И все же идеальной моделью для Бродского стал не Набоков. Ею стал «величайший ум двадцатого века»[34], как именовал Одена Бродский. И этот выбор, конечно же, требовал уточнения, а следом за уточнением еще и пояснения.
«Вы знаете, дело в том, что я иногда думаю, что я – это он (Оден. – А. П.). Разумеется, этого не надо говорить, писать, иначе меня отовсюду выгонят и запрут. Все то, что он пишет, то есть почти все из того, что мне довелось прочесть, а я пытался прочесть, по-моему, все, что им написано, мне чрезвычайно дорого, это мне дорого настолько, как будто это написано мной. Разумеется, это не мной написано, я в этом отдаю себе отчет, но я думаю, что если, в общем, я сложился как индивидуум – и так далее, и так далее, – то он играл в этом далеко не последнюю роль».[35]
Уточнение было адресовано шведскому другу, который позаимствовал пояснение из собственных ресурсов:
«Духовное родство с Оденом привело к такому близкому отождествлению, что иногда действительно трудно установить границы между цитатами из Одена и оригинальным текстом Бродского.
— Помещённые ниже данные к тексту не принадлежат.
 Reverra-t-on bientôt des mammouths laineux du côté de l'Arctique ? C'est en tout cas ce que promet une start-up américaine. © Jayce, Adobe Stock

Бродский знал Одена наизусть, и в некоторых случаях формулы последнего вошли почти буквально в плоть его собственных произведений, сознательно или бессознательно. С годами Бродский стал походить на Одена и внешне: всегда в пиджаке и галстуке, но пиджак был мятым, а галстук висел криво – небрежная если не элегантность, то, по крайней мере, стильность, вполне подходящая пожилому университетскому преподавателю».[36]
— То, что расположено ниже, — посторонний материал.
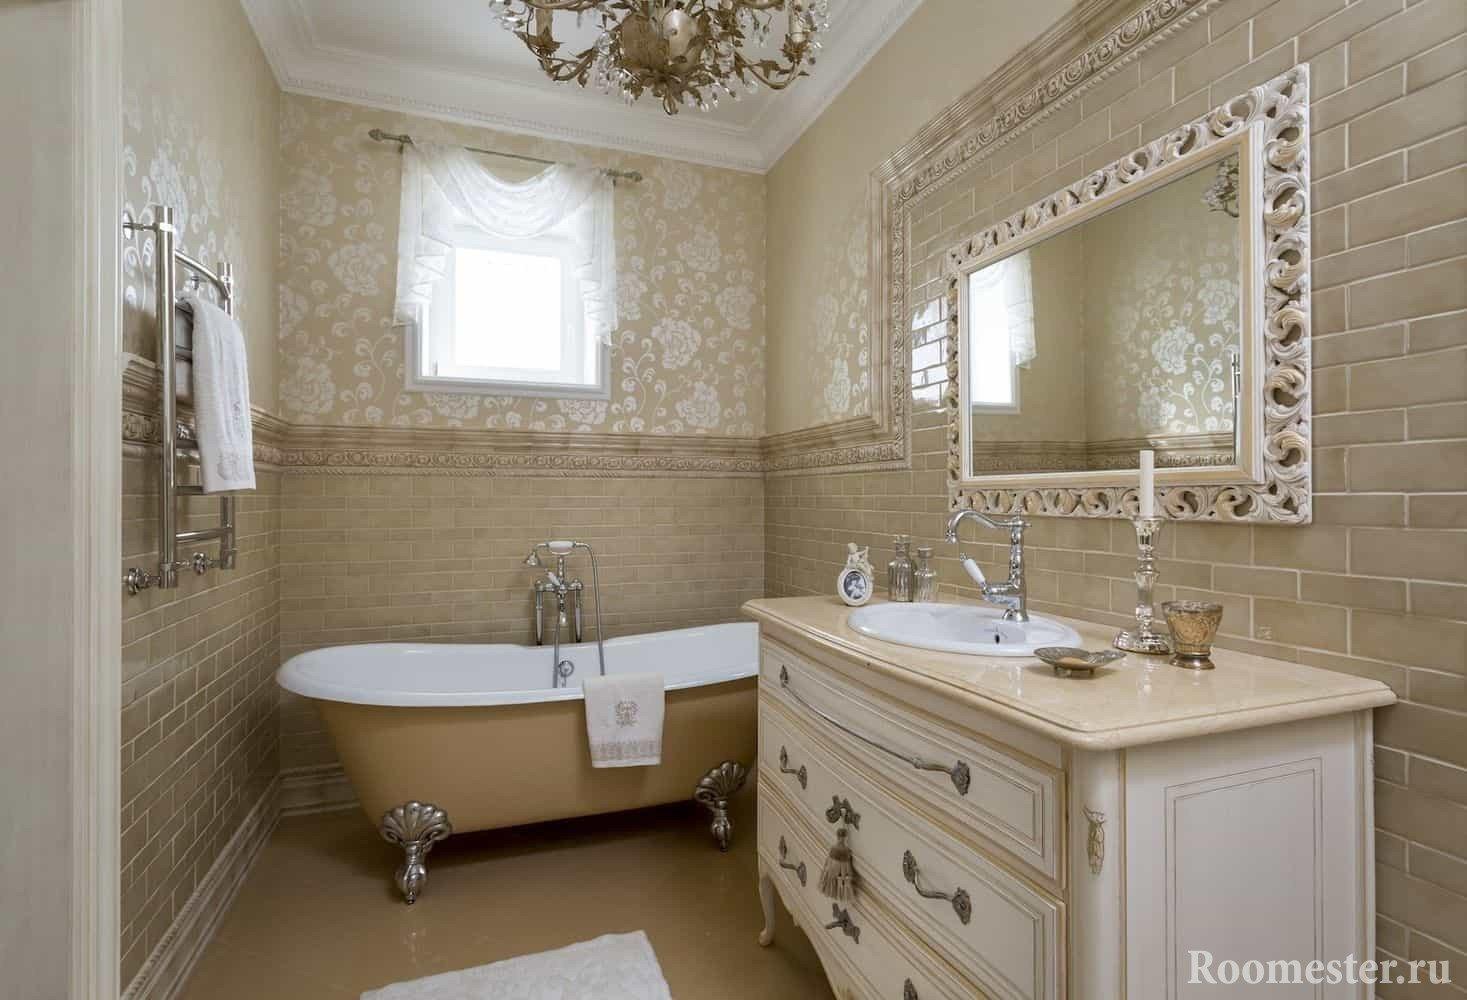 Дизайн ванной комнаты в 3-х комнатной квартире

Идентификация с Оденом была одновременно и делом везения, и сознательным выбором. Бродский занял место в Мичиганском университете, где когда-то преподавал Оден, и вскорости получил Почетную должность Поэта-Лауреата. По стопам Одена Бродский стал проводить часть года в Европе, правда, не в Искье, как Оден, а в Венеции, и стал лелеять мечту о безупречном владении языком. Хотя эта мечта оказалась за пределом его возможностей, ему все же удалось перенять у Одена ряд поэтических форм: балладу, оду, эклогу, элегию, лимерик. Он даже научился продуктивно использовать клише, о чем ниже.
Все это, конечно же, способствовало репутации на родной земле. Едва успех Бродского на Западе стал очевиден, его зачислили в классики, как и Набокова. И, конечно, Бродский стал классиком в одночасье, как у нас водится. А к классикам у нас выработано особенно бережное отношение сродни слепоте. Вот такой пример. «Поэзия Бродского “вторична”», – пишет эрудированный автор Андрей Ранчин, взяв слово «вторична» в кавычки, вероятно, из опасения быть по ошибке истолкованным как «неоригинальна», «подражательна» и т. д.